Eu impedi um linchamento

Cheguei até a ver pessoas que tem a frase "bandido bom é bandido morto" como lema me apoiarem na situação.

Tudo começou quando eu estava no meu quarto deitado pra dormir, numa noite de dezembro de 2016 em São Paulo. Eu ouvi uma gritaria na rua, falaram que tinha um bandido no telhado, e do nada vi pessoas com facas e pedaços de pau correndo dentro de casa – eu estudo Comunicação Social na PUC e moro em uma república.

Na mesma hora eu saí correndo atrás deles, pra ter certeza que não iriam matar ninguém na minha casa, peguei meu telefone e liguei pra polícia. Fiquei correndo pela quadra atrás dos linchadores, com receio daquelas facas serem usadas, até que pegaram o cara dentro de uma casa. Eu entrei depois, ele já estava no chão ensanguentado e tomando pauladas na cabeça e nas costelas. Foi instantâneo, eu pulei em cima dele, e ninguém entendeu nada, acharam que eu ia bater nele, mas só fiquei na frente dele. Na hora só pensei em não deixar ele morrer, e foi automático. Enquanto estava correndo na rua atrás dos linchadores estava torcendo para a polícia chegar antes de pegarem ele. Mas quando vi ele sangrando no chão, tomando pauladas, parece que todo medo foi embora, talvez seja a adrenalina, ou compaixão, nunca vou ter certeza. O pior foi quando eles pararam de bater nele e começaram a fazer pressão psicológica pra eu sair da frente, foi então que o medo voltou.

Eles continuaram a tentar bater nele enquanto ele estava agarrado nas minhas costas gritando um tipo de choro que nunca tinha ouvido igual. Quando a polícia chegou eu estava discutindo com os linchadores com alguns pedaços de pau apontados na minha cara, então assim que eles chegaram eu saí pra falar com um polícia que estava na viatura, ele viu minha camisa branca e meus braços cheios de sangue, além de algumas pessoas me xingando e falou "É melhor você ir pra casa antes que sobre pra você também". - Depois do linchamento, ninguém teve coragem de fazer o B.O. porque todos iriam pra delegacia, então ele foi solto. Fiquei sabendo que ele é uma pessoa em situação de rua, e segundo algumas pessoas tinha HIV.

Faria isso novamente mil vezes se tivesse necessidade, uma vida vale mais do que qualquer coisa.
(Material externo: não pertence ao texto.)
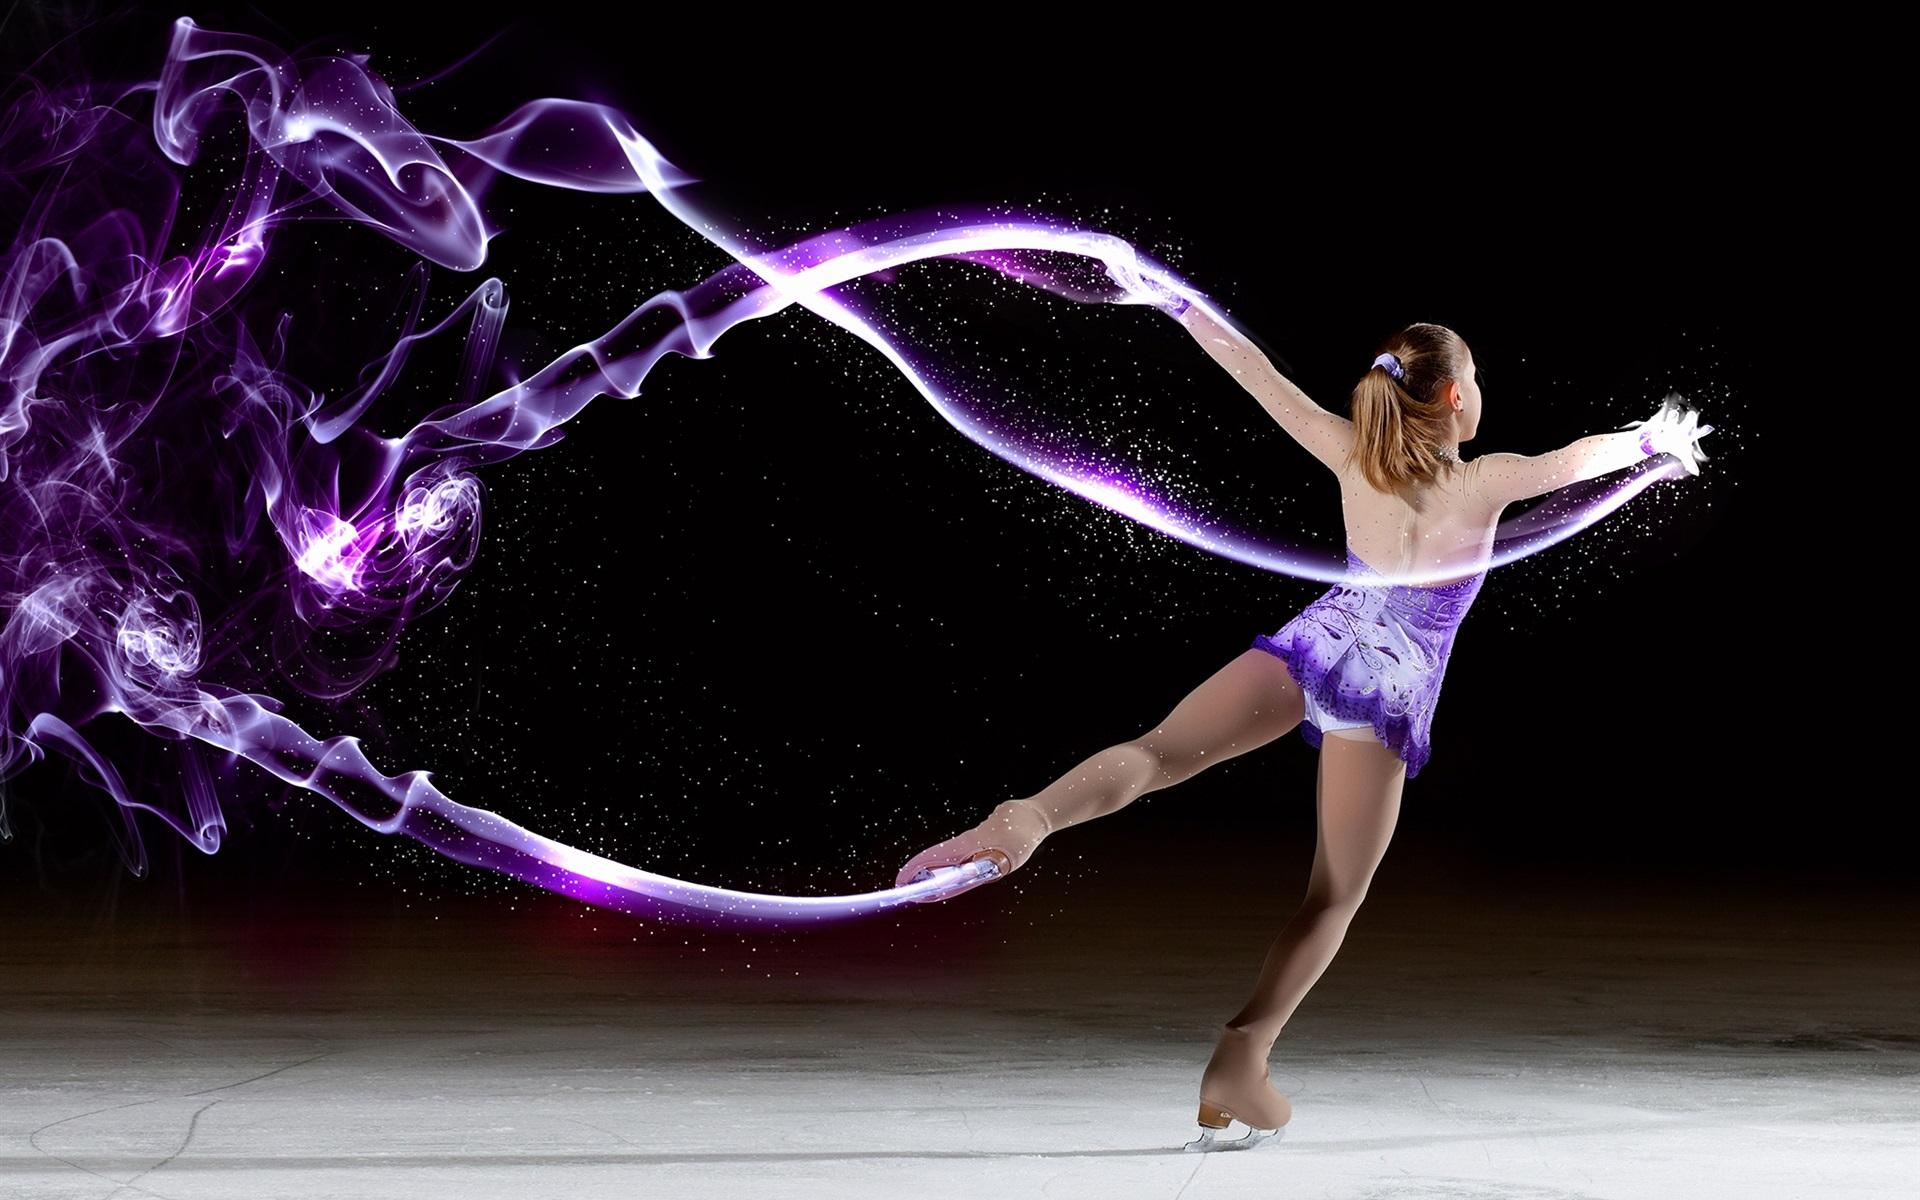 wallpaper abstraction dancing girl ice skates 1920x1200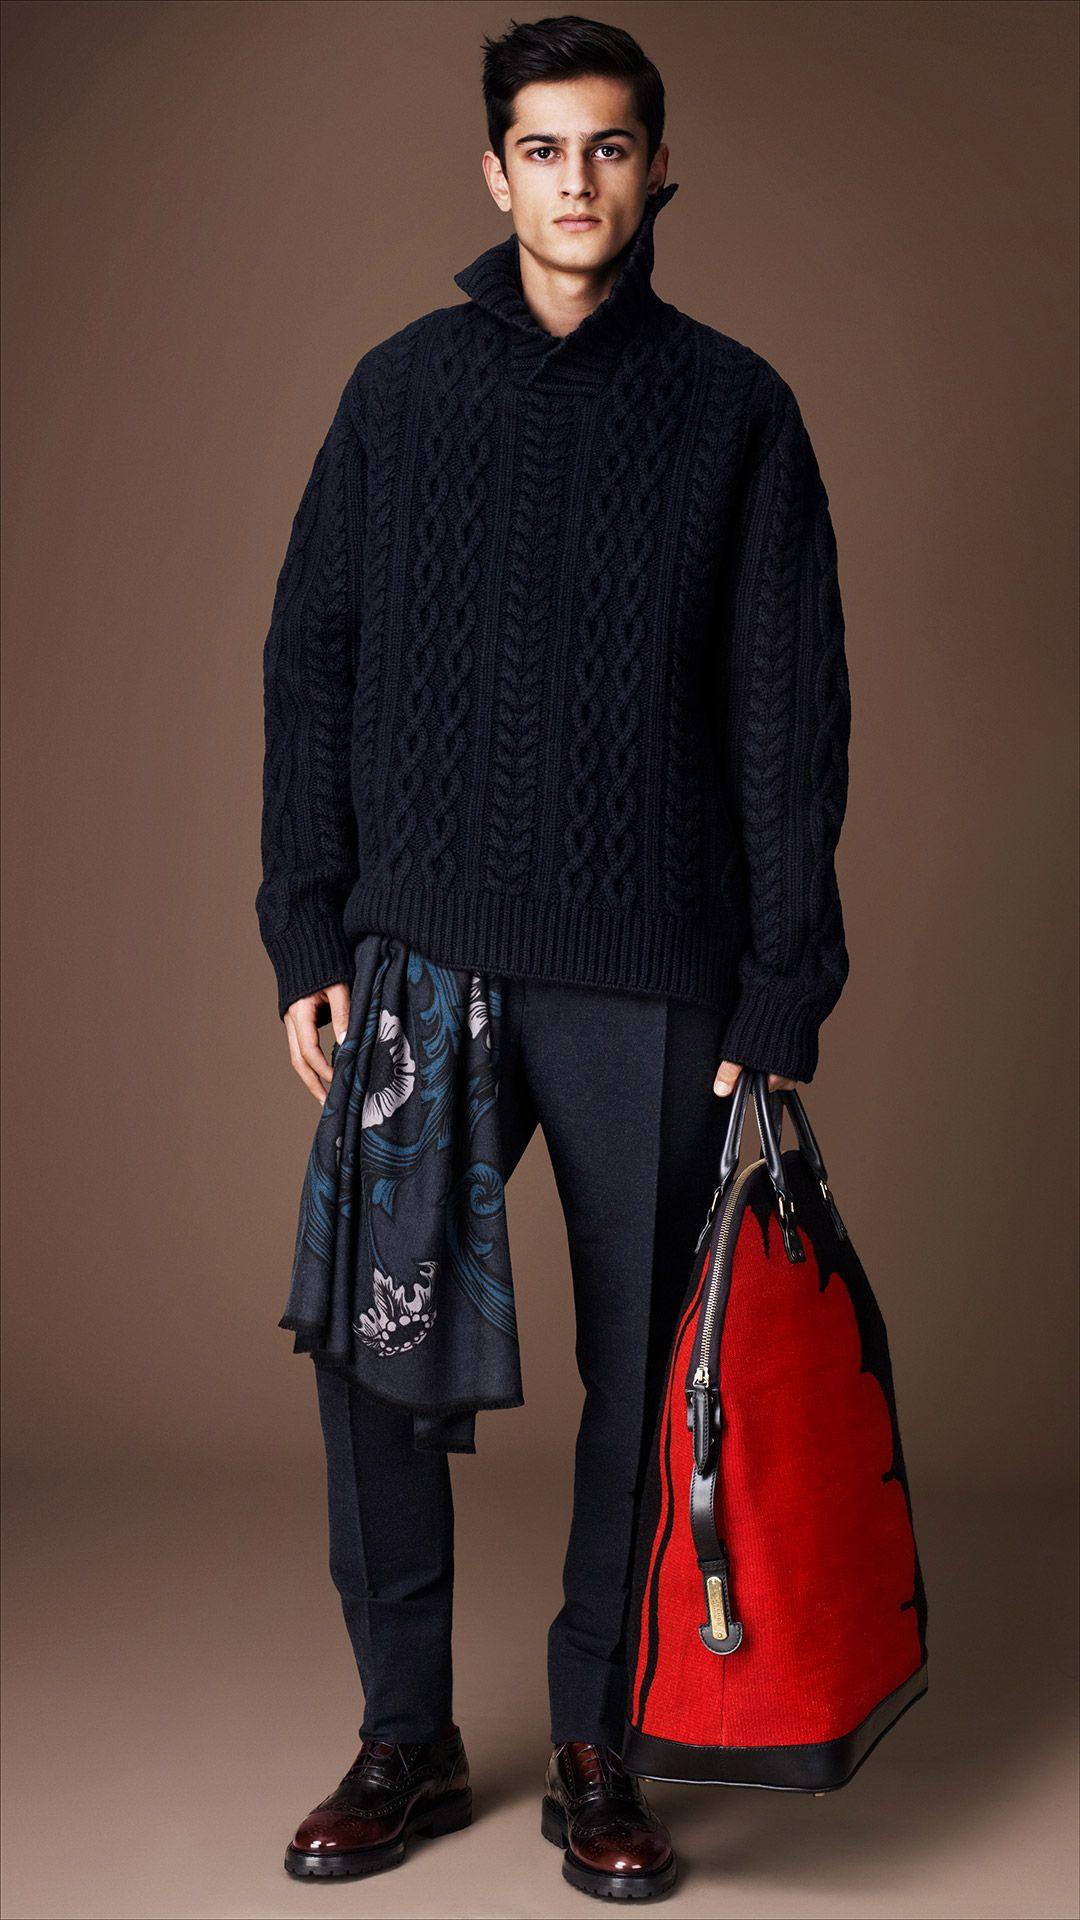 Burberry Prorsum Menswear Autumn/Winter 2014 show | Burberry #youcancallmehitch #barneybarrett #minimalism #fashion #style #streetwear #knitwear #streetstyle #malemodel #barney_barrett

Cresci ouvindo a história de quando Cristo não deixou homens apedrejarem uma mulher até a morte por ser considerada adúltera, ele entrou na frente dela e disse "Quem de vocês nunca errou, que atire a primeira pedra". Sempre que ouvia essa história imaginava essa cena, foi um espelho pra mim. Foi perceber que eu poderia ter sido um dos responsáveis pela morte de uma pessoa, da mesma forma que as pessoas que viram o Luiz Carlos Ruas sendo espancado no metrô e não fizeram nada, poderia ter sido eu ali também.

Depois do relato que fiz no Facebook várias pessoas vieram falar comigo, algumas preocupadas e me apoiando, e outras com um discurso de ódio inflamado, porém consegui ter algumas conversas construtivas com pessoas de opiniões contrárias, que vieram me xingar achando que rebateria na mesma moeda. Cheguei até a ver pessoas que tem a frase "bandido bom é bandido morto" como lema me apoiarem na situação.